INCREMENT=$((10 + 10 * "$i"))
sudo ip netns exec "net$i" ip address add "172.18.0.$INCREMENT/12" dev "ceth$i"
sudo ip netns exec "net$i" ip link set "ceth$i" up
# Add the route to the bridge interface so the new namespaces can reach the root namespace.
sudo ip netns exec "net$i" ip route add default via 172.18.0.1
done
else
printf "Unrecognized parameter \`%s\`.\n" "$1"
exit 1
fi
Routing
To enable traffic to flow to and from the outside world, there are two things that need to happen.

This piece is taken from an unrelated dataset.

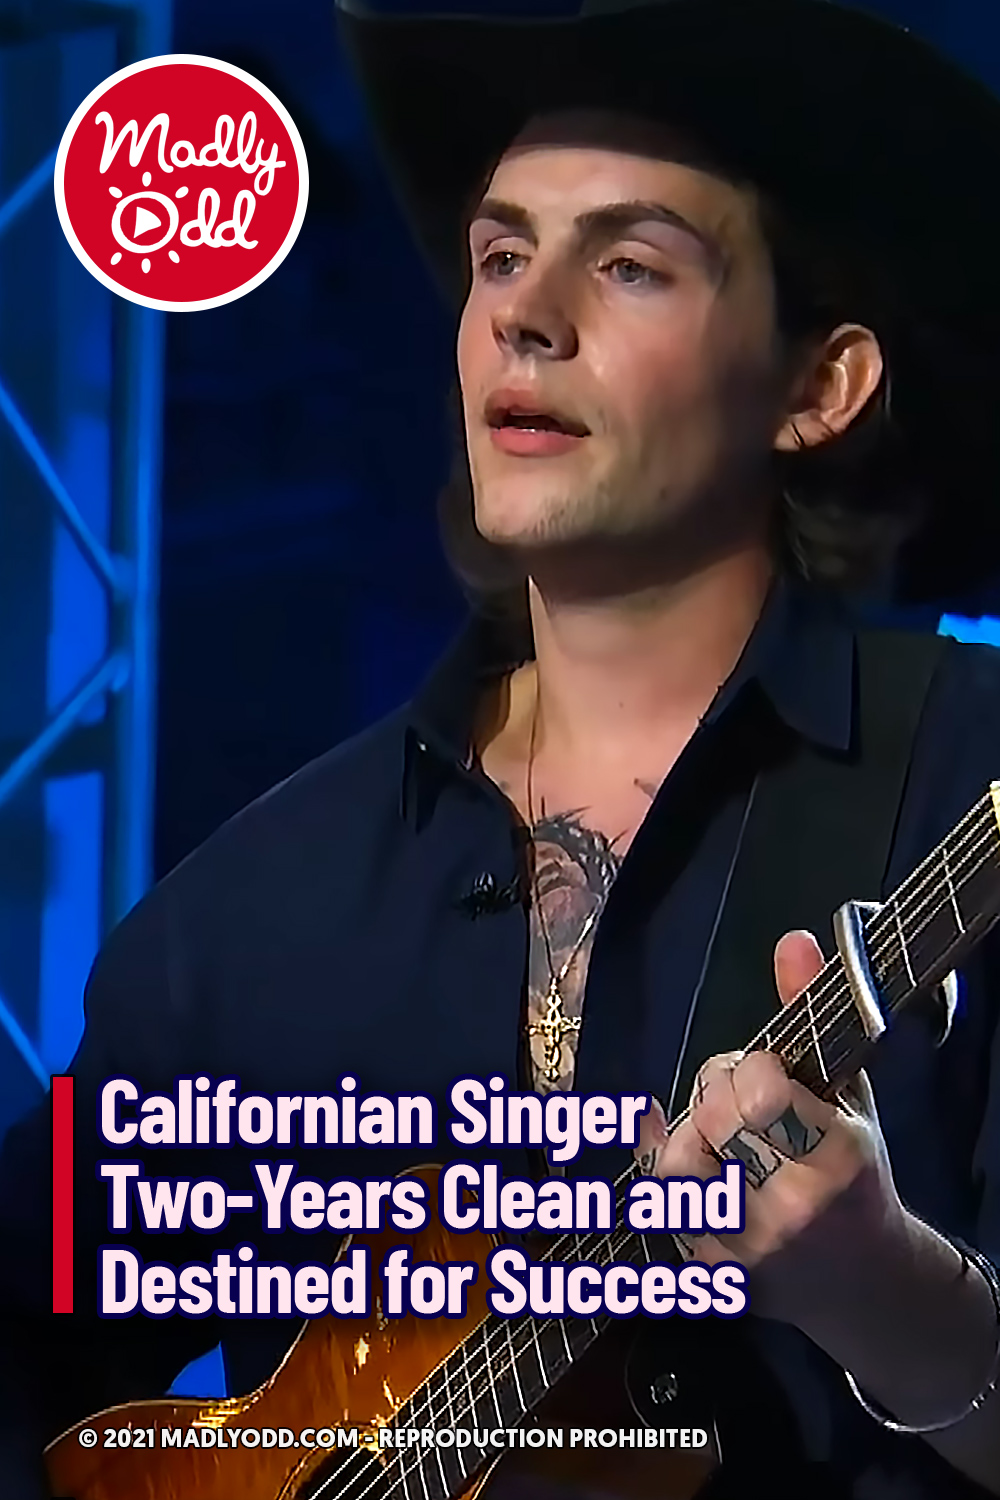 Californian Singer Two-Years Clean and Destined for Success

The first is to turn the machine into a router:
$ echo 1 | sudo tee /proc/sys/net/ipv4/ip_forward
1
Of course, this setting won’t survive a reboot. To persist this value, edit the
/etc/sysctl.conf
configuration file.
The second is to enable network address translation (NAT) so that the router can swap its own IP address with that of the private IP addresses of the containers:
$ sudo iptables -t nat -A POSTROUTING -s 172.18.0.0/12 ! -o br0 -j MASQUERADE
$ sudo ip netns exec net0 ping -c2 1.1.1.1
PING 1.1.1.1 (1.1.1.1) 56(84) bytes of data.

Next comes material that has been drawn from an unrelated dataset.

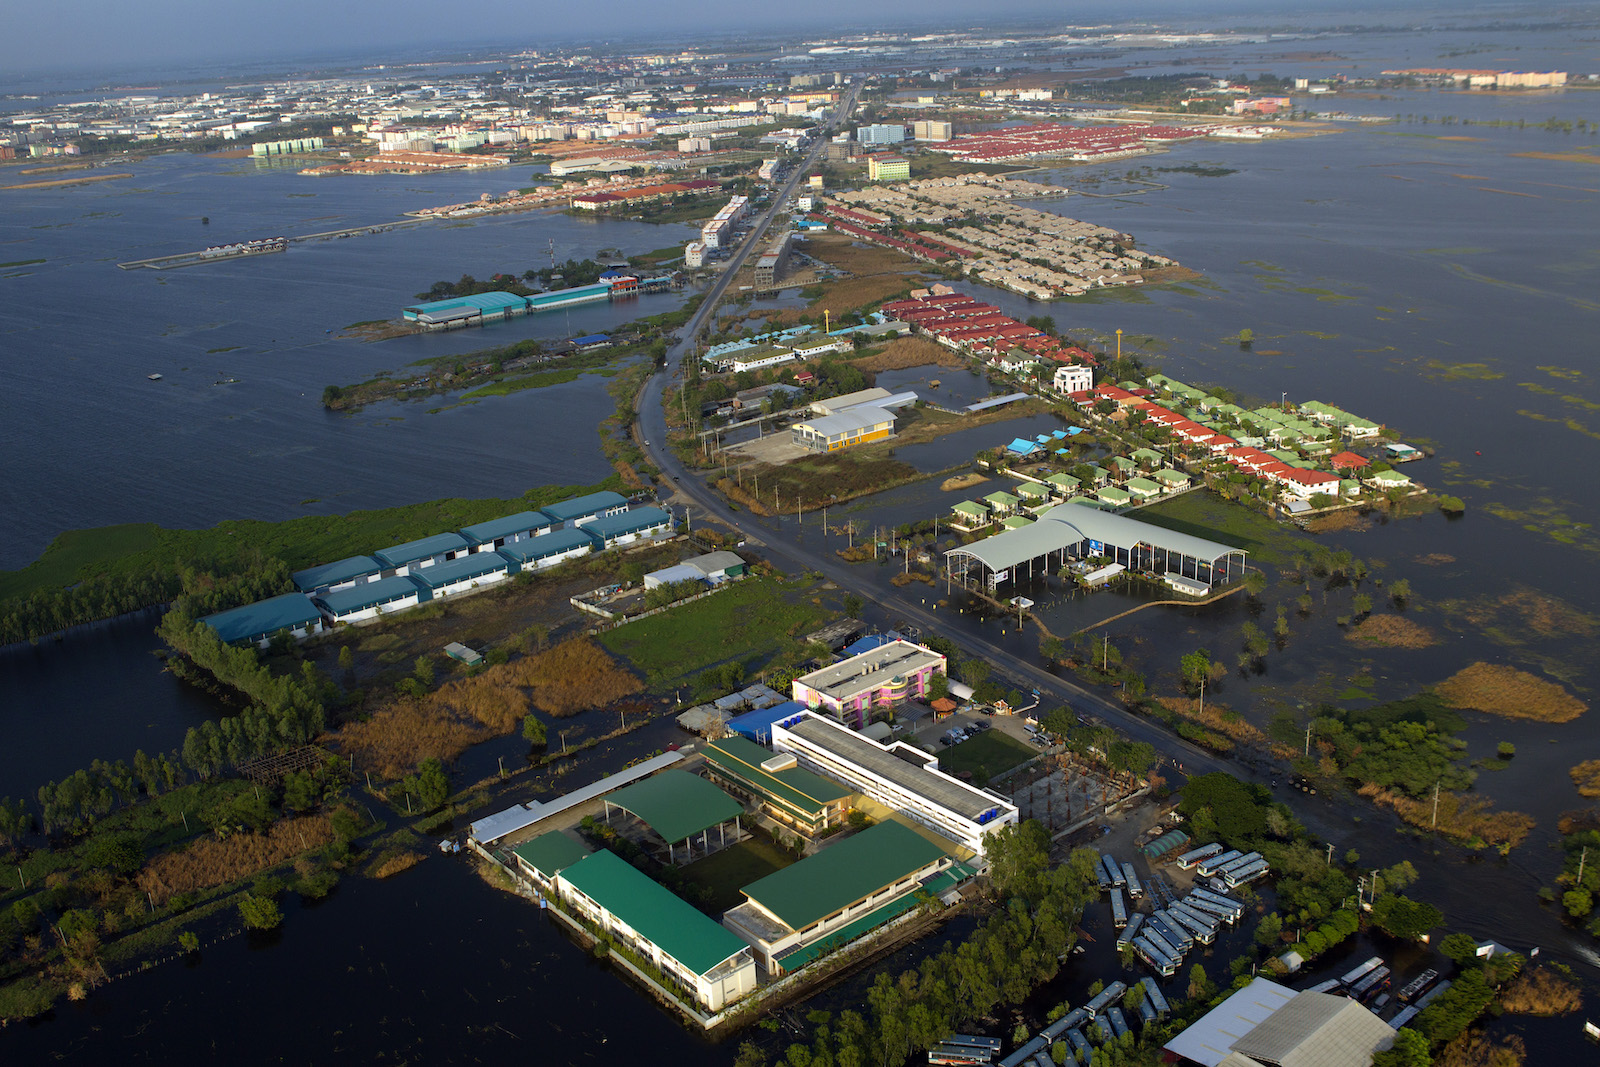 Flooded factories in the Rojuna industrial district in Ayutthaya, Thailand, November 2011

64 bytes from 1.1.1.1: icmp_seq=1 ttl=61 time=16.5 ms
64 bytes from 1.1.1.1: icmp_seq=2 ttl=61 time=18.3 ms
--- 1.1.1.1 ping statistics ---
2 packets transmitted, 2 received, 0% packet loss, time 1008ms
rtt min/avg/max/mdev = 16.492/17.388/18.285/0.896 ms
Listing the ARP
Table
Check the arp
tables:
$ sudo ip netns exec net0 ip neigh
172.18.0.20 dev ceth0 lladdr 7e:31:d1:3d:07:ab REACHABLE
$ sudo ip netns exec net1 ip neigh
172.18.0.10 dev ceth1 lladdr a2:a9:f3:ae:d0:a8 REACHABLE
Conclusion
That’s it, Charlie. It’s way too long.